Early Fed rate cut sparks market anxiety, Dollar on the defensive
The U.S. Dollar on Wednesday after an early Federal Reserve cut rates by 50 basis points, sparking anxiety within the markets about the impact of the virus.
The Fed move came as a surprise to investors as the cut came 2 weeks ahead of a regularly scheduled policy meeting. This resulted in the Greenback nearing 5-month lows against the Japanese Yen while it hovered near the lowest in 2 years against the Swiss Franc.
Investors have been fleeing to safe haven assets as rate cuts were seen as insubstantial to soften the economic disruption caused by the global outbreak of the novel coronavirus. Among most currencies, the Euro was one to benefit from the Dollar’s decline after investors speculated that Fed cuts would outnumber those of the European Central Bank.

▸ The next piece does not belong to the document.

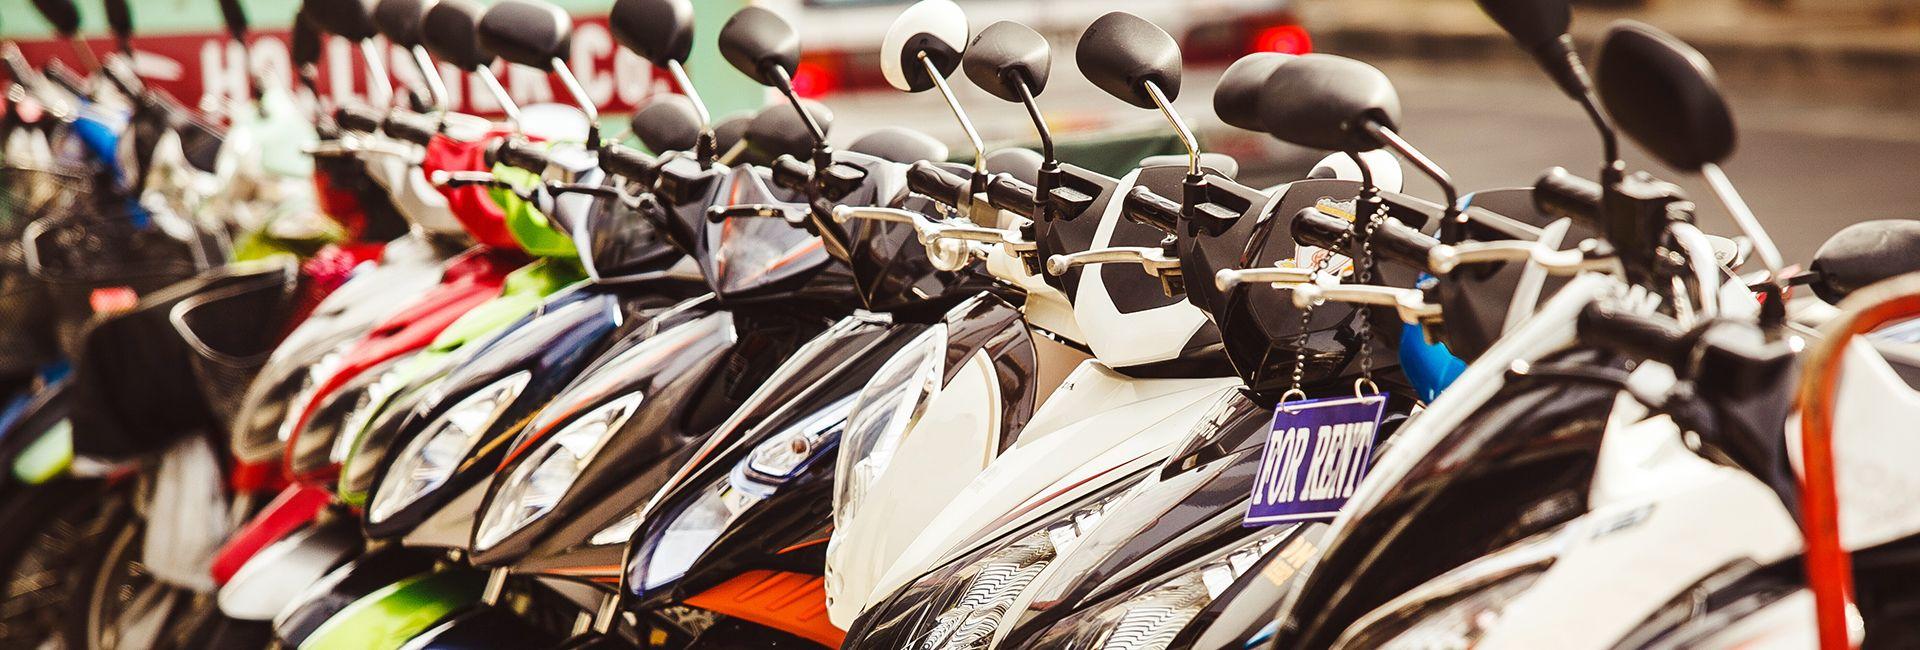 Top 8 địa điểm cho thuê xe máy uy tín ở Vũng Tàu

Furthermore, a bleak view perceived toward G7 strengthened after a statement on Tuesday failed to specifically respond to the global economic slowdown brought about by the spread of the virus.
“The G7 and the Fed were not enough to support markets,” said Masafumi Yamamoto, chief currency strategist at Mizuho Securities in Tokyo.
“This Fed rate cut is bad for dollar/yen, partly because Treasury yields are now very low. The dollar’s weakness is reflected in the euro, because the Fed will likely ease more than the ECB.”